Most of the damage and debris in Joplin has long since been cleaned up, but a few houses still stand in their wrecked condition, a jumble of ruined structures and abandoned possessions. Here, a piano sits amid splintered framing in an older neighborhood near the high school.

An underfloor crawl space is described as a “safe area” in tornado preparedness literature. However, the risk is still substantial for homeowners who seek refuge in any hiding place in a typical older house. Here, the block foundation has been shattered and the floor has fallen down; upstairs rooms were mostly completely destroyed. An engineered safe room or tornado shelter is far more reliable as a refuge than any part of a conventionally built wood house.

The majority of the first story framed walls and the roof of this commercial structure, a dentist office built only two years earlier, remained standing after the tornado. Many nearby older buildings collapsed, with significant loss of life. This structure was built to a more modern code edition and included structural elements required by the commercial building code, including steel connectors at every roof truss to wall connection.

A rusted strap shows where the connection between a window unit and the rough opening failed during the storm. All the windows in this structure, a dentist office, were blown in during the tornado, making the interior space unsafe and likely unsurvivable. The office was closed on the Sunday evening when the storm struck.

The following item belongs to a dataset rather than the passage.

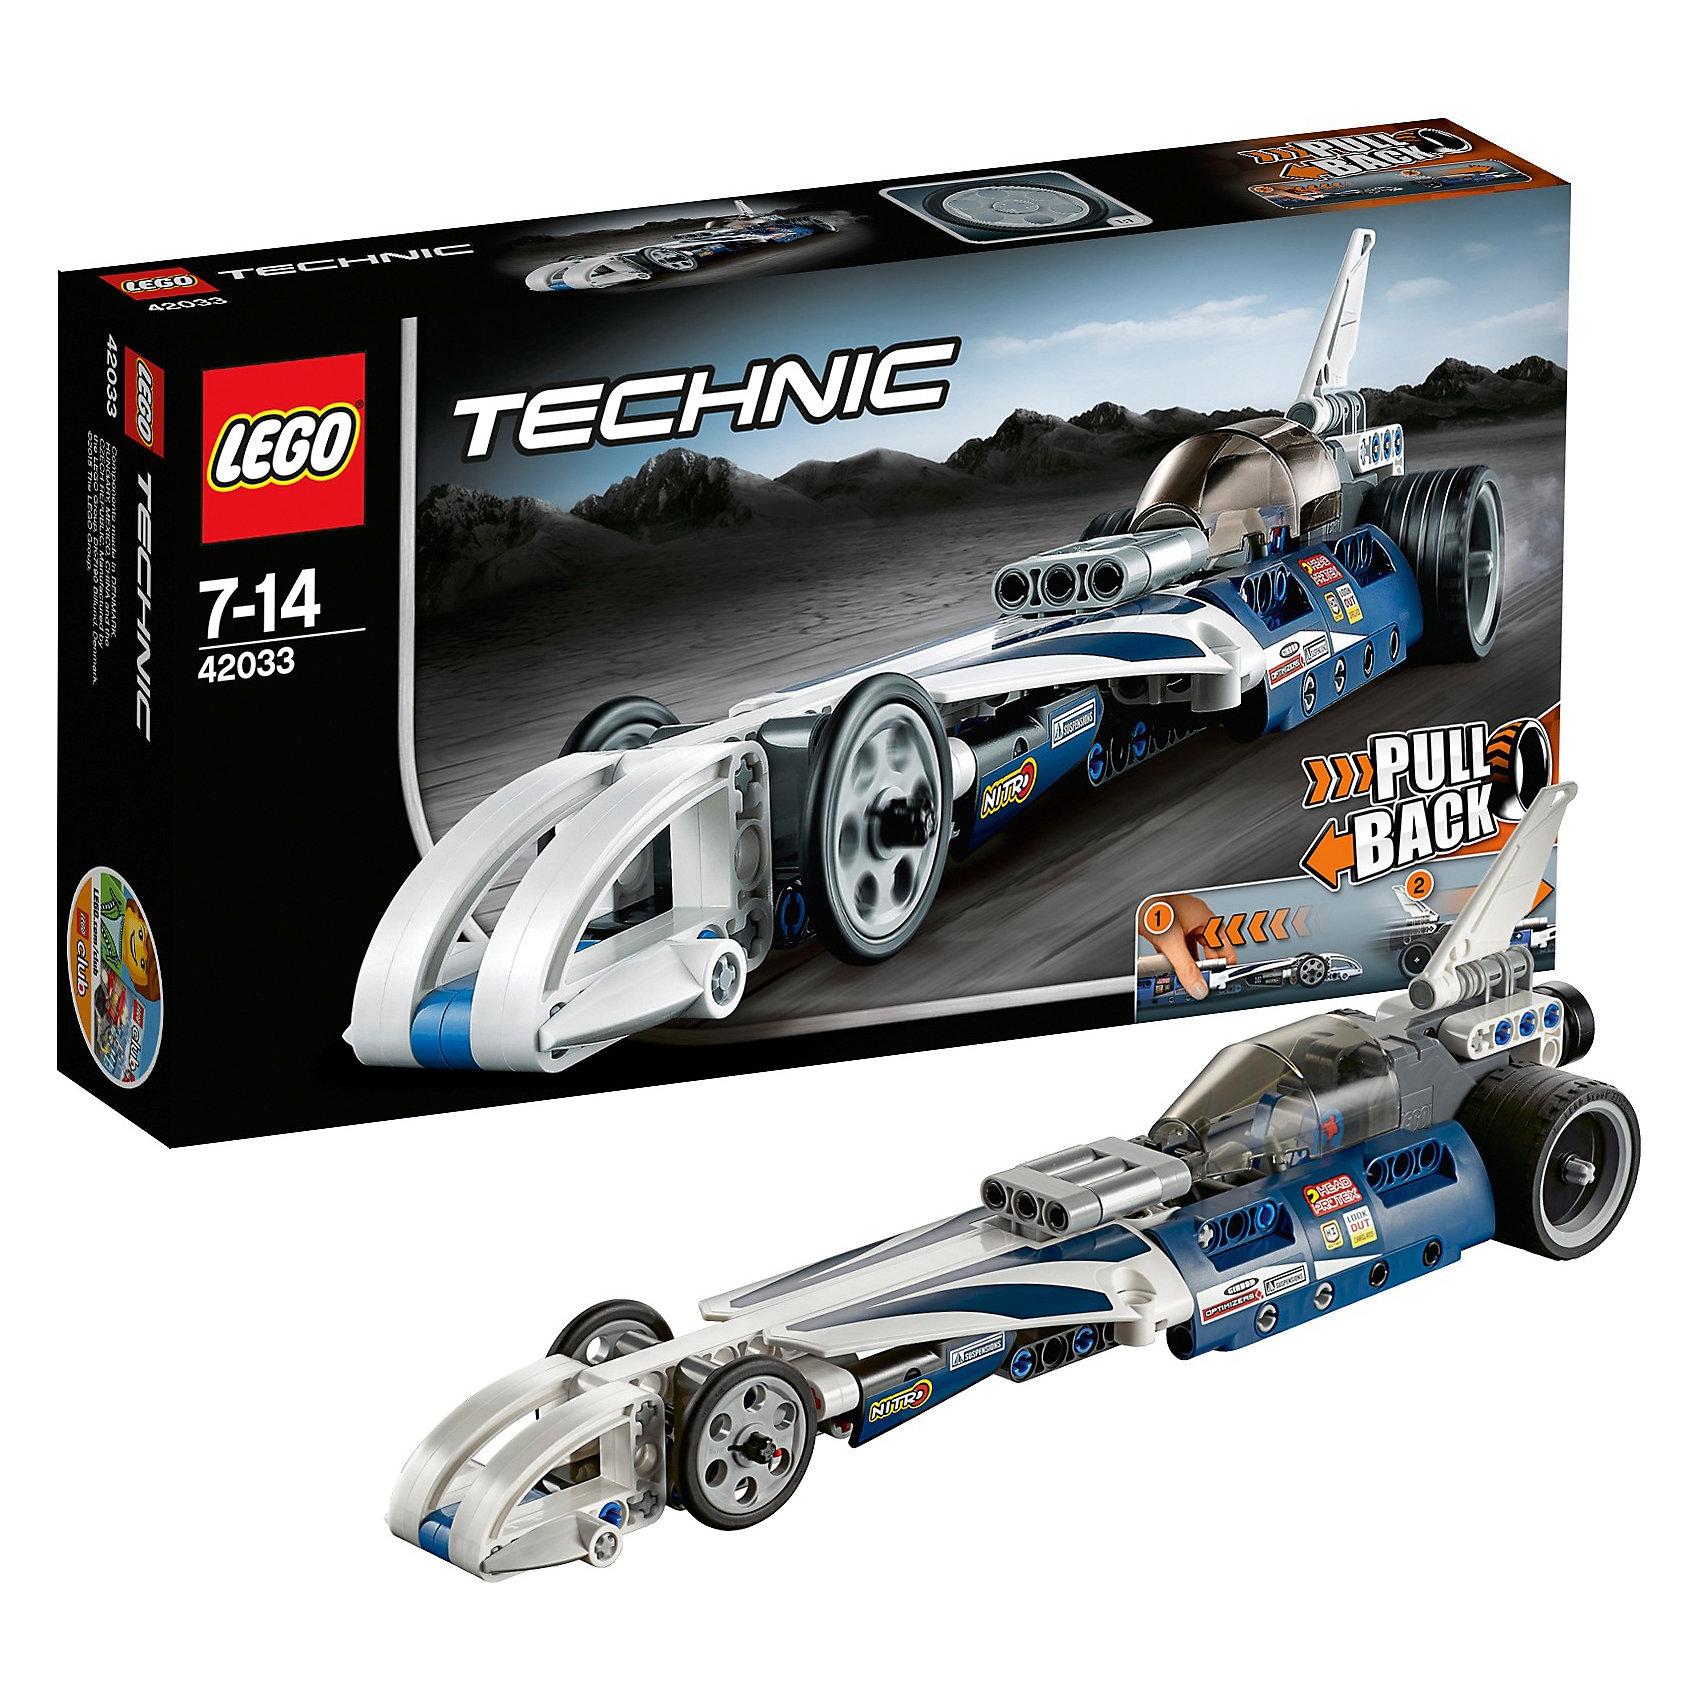 LEGO Technic 42033: РекордсменУникальный автомобиль LEGO Technic (ЛЕГО Техник) 42033: Рекордсмен отлично подходит для гоночных соревнований. Его обтекаемый корпус выполнен в сине-белой гамме с добавлением наклеек и логотипов гонок. Он оснащен затемненной кабиной и мощным высокоскоростным инерционным двигателем. В кабине есть приборная панель, рычаги управления и место для одного гонщика. Благодаря инерционному двигателю, авто может разгоняться до рекордных скоростей. Достаточно немного оттянуть корпус автомобиля назад и отпустить – он молниеносно пересечёт линию финиша первым. Объедини с Рекордсменом (артикул 42033), у тебя получится мега-потрясающий экстремальный внедорожник, который будет ездить еще быстрее!<br><br>Все наборы серии ЛЕГО Техник позволяют собрать довольно подробные модели транспортных средств, которые помогают ребенку составить представление о том, как устроены и работают автомобили. Построение моделей техник способствует развитию мелкой моторики, логики, пространственного воображения. В серии Лего Техник найдутся транспортные средства на любой вкус: тракторы и экскаваторы, внедорожники и квадроциклы, самосвалы и гоночные автомобили. Некоторые машины можно моторизировать с помощью Power Function (продается отдельно). Модели ЛЕГО Техник высокодетализированы и имеют множество подвижных узлов и действующих механизмов.<br><br>Дополнительная информация:<br>-Размер упаковки: 26,2х14,1х4,8 см<br>-Размер авто в собранном виде: 8х29х7 см<br>-Вес: 0,26 кг<br>-Состав: 125 деталей, инструкция<br>-Материал: пластик<br>-Весь набор упакован в фирменную картонную коробку ЛЕГО<br><br>LEGO Technic (ЛЕГО Техник) 42033: Рекордсмен можно купить в нашем магазине.<br><br>Ширина мм: 263<br>Глубина мм: 141<br>Высота мм: 54<br>Вес г: 264<br>Возраст от месяцев: 84<br>Возраст до месяцев: 168<br>Пол: Мужской<br>Возраст: Детский<br>SKU: 3786094

Collapsed gable trusses on a bump-out section of the dentist’s office on South Jackson Street in Joplin. An improved truss bracing system in this building element might have allowed this assembly to withstand the storm.

Toenails, as well as the nails in the steel connector tying this truss to the bearing wall, failed in withdrawal during the storm. Ring-shank nails or threaded fasteners might have been sufficient to prevent the failure of this connection. However, engineers generally agree that it is impractical to design wood-frame structures to resist the wind force in an F-3, F-4, or F-5 tornado.

A concrete in-ground shelter outside a new building in Joplin. Buried tornado shelters offer the advantage of protection by the earth. However, they have the disadvantage that the resident needs to leave the home and risk the severe conditions outdoors in order to enter the shelter.